The EUR/JPY volatility surface is offering very attractive opportunities because the skew on the 6m and 1y is currently excessive (refer 4th graph). Where IV skews seem to be mispricing, which is why implied vols of this pair across the various tenors are reducing considerably.
If we’ve to contemplate that the options market is pricing EURJPY risk reversals (RR) as the sum of EUR/USD and USD/JPY RR, the triangle is perfectly priced (refer 2nd graph). The implied volatility of 6m and 1y 25-delta strikes is trading about 3 volatility points higher than ATM volatility, which supposes that the implied volatility should be strongly negatively correlated with the FX rate.
Since 2013, the EURJPY RR has strongly mean reverted towards the vol/spot correlation. However, this correlation has been about zero for a few weeks (refer 3rd graph), such that EURJPY 6m skew is now disconnected from its fair value.
Splitting the EURJPY RR into EURUSD and USDJPY components, like the market, exhibits the source of this mispricing. The EURUSD 6m RR is trading at -1.8 and the USD/JPY at -1.1. The former is consistent with the EURUSD price action, which actually saw downside volatility.

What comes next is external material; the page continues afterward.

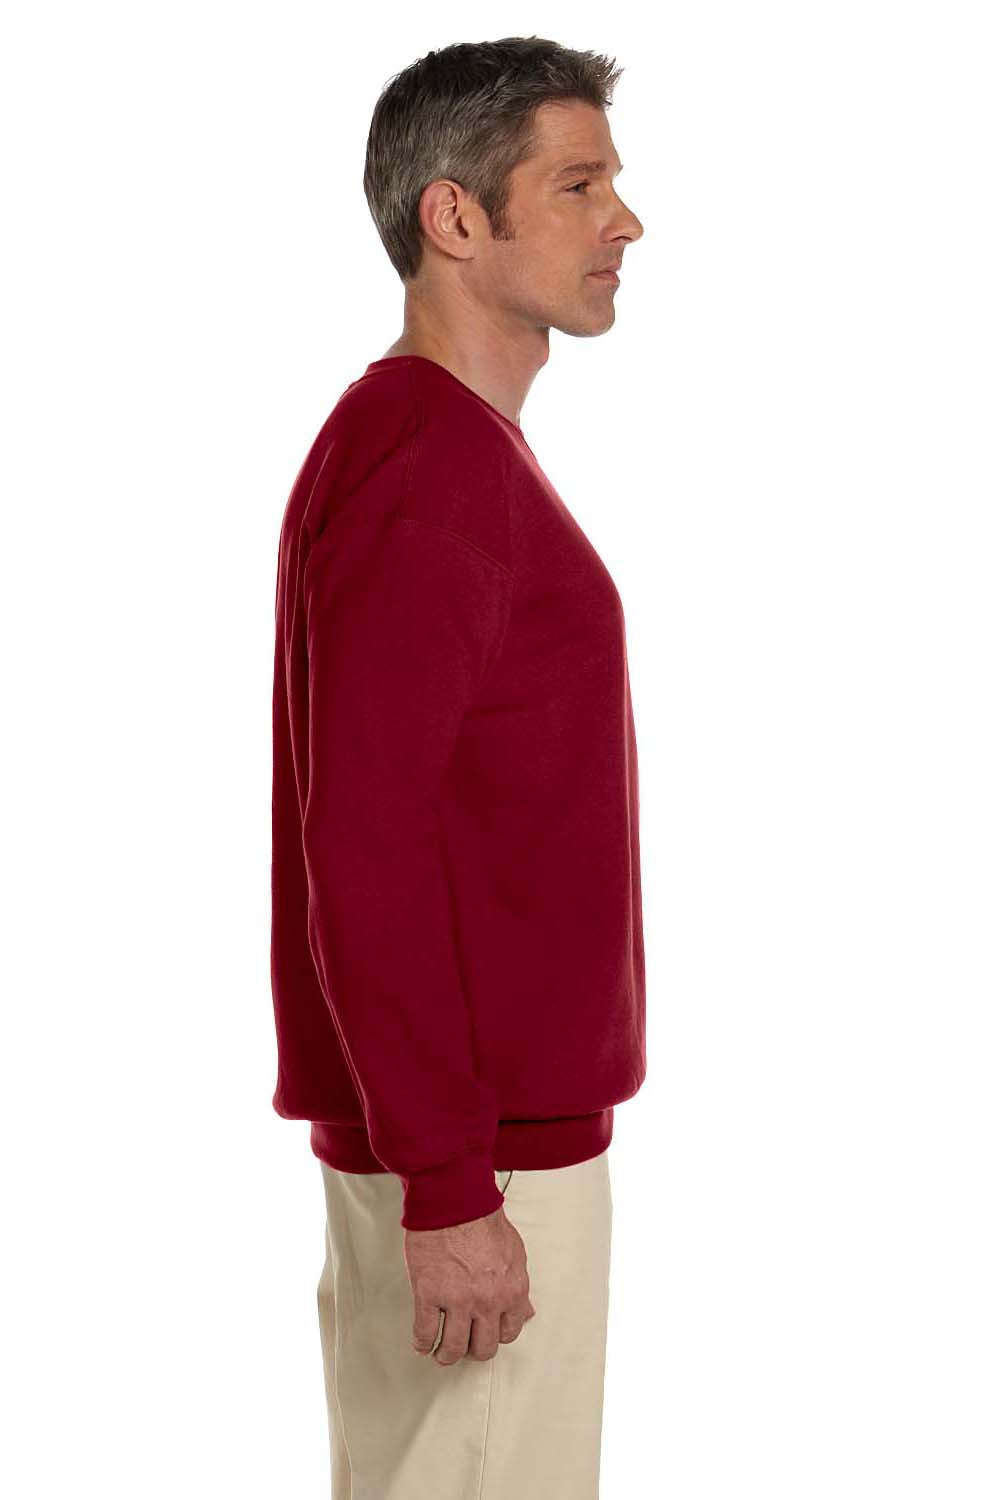 Gildan G180 Mens Fleece Crewneck Sweatshirt Garnet Red Side

However, USDJPY has indeed been positively correlated with its volatility, hence the EURJPY mispricing comes from the yen side. Investors could directly consider selling the USDJPY excessive skew, but we recommend selling the EURJPY skew instead. It offers a larger risk premium (due to the fairly priced EURUSD smile component), which is opportunistic given our bullish bias on the spot.